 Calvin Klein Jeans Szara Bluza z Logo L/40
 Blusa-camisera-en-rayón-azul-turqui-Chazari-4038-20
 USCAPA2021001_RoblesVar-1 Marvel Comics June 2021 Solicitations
==
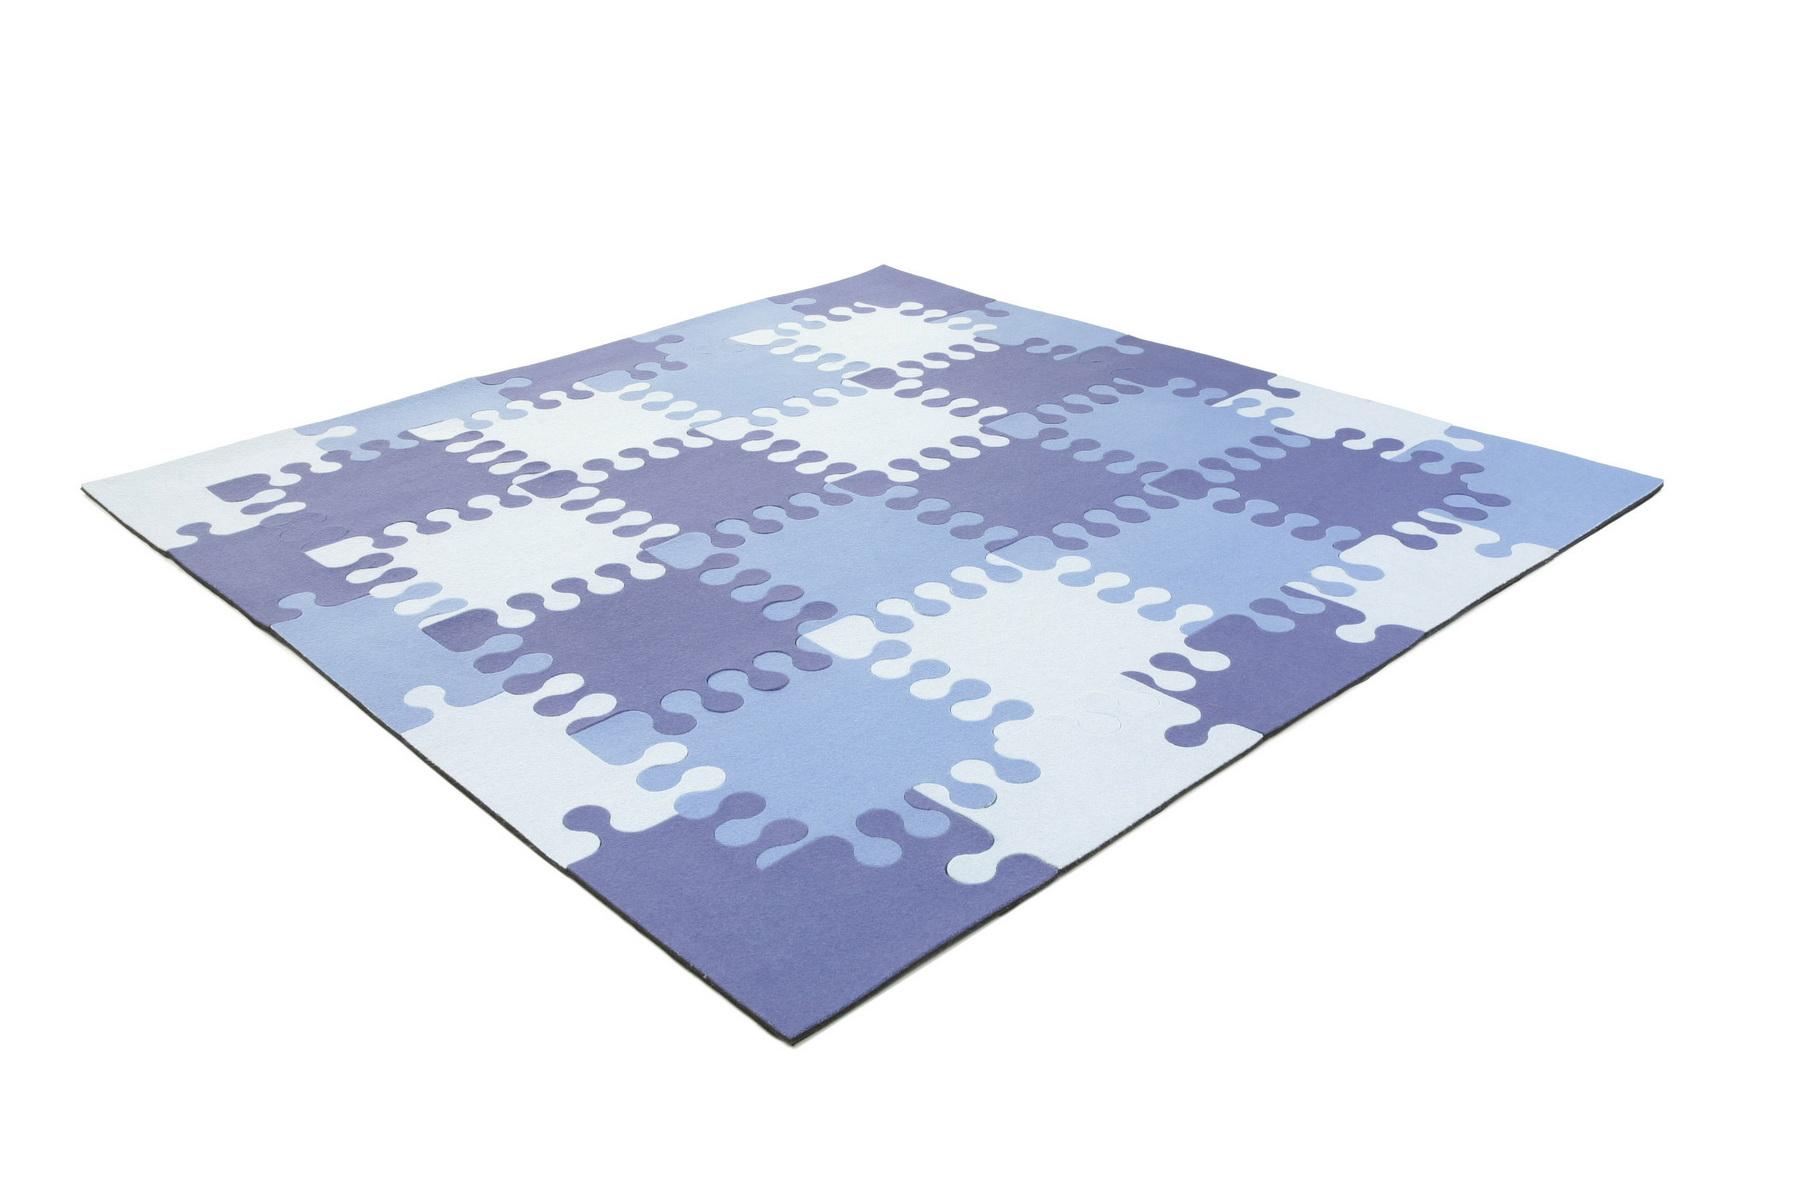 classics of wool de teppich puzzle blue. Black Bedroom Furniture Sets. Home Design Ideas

→ Assigned task
With the line holding "Calvin Klein Jeans Szara Bluza z Logo L/40" as the first and the line holding "USCAPA2021001_RoblesVar-1 Marvel Comics" as the last, set down that range of the entries above exactly, and nothing else.

→ Answer space
 Calvin Klein Jeans Szara Bluza z Logo L/40
 Blusa-camisera-en-rayón-azul-turqui-Chazari-4038-20
 USCAPA2021001_RoblesVar-1 Marvel Comics June 2021 Solicitations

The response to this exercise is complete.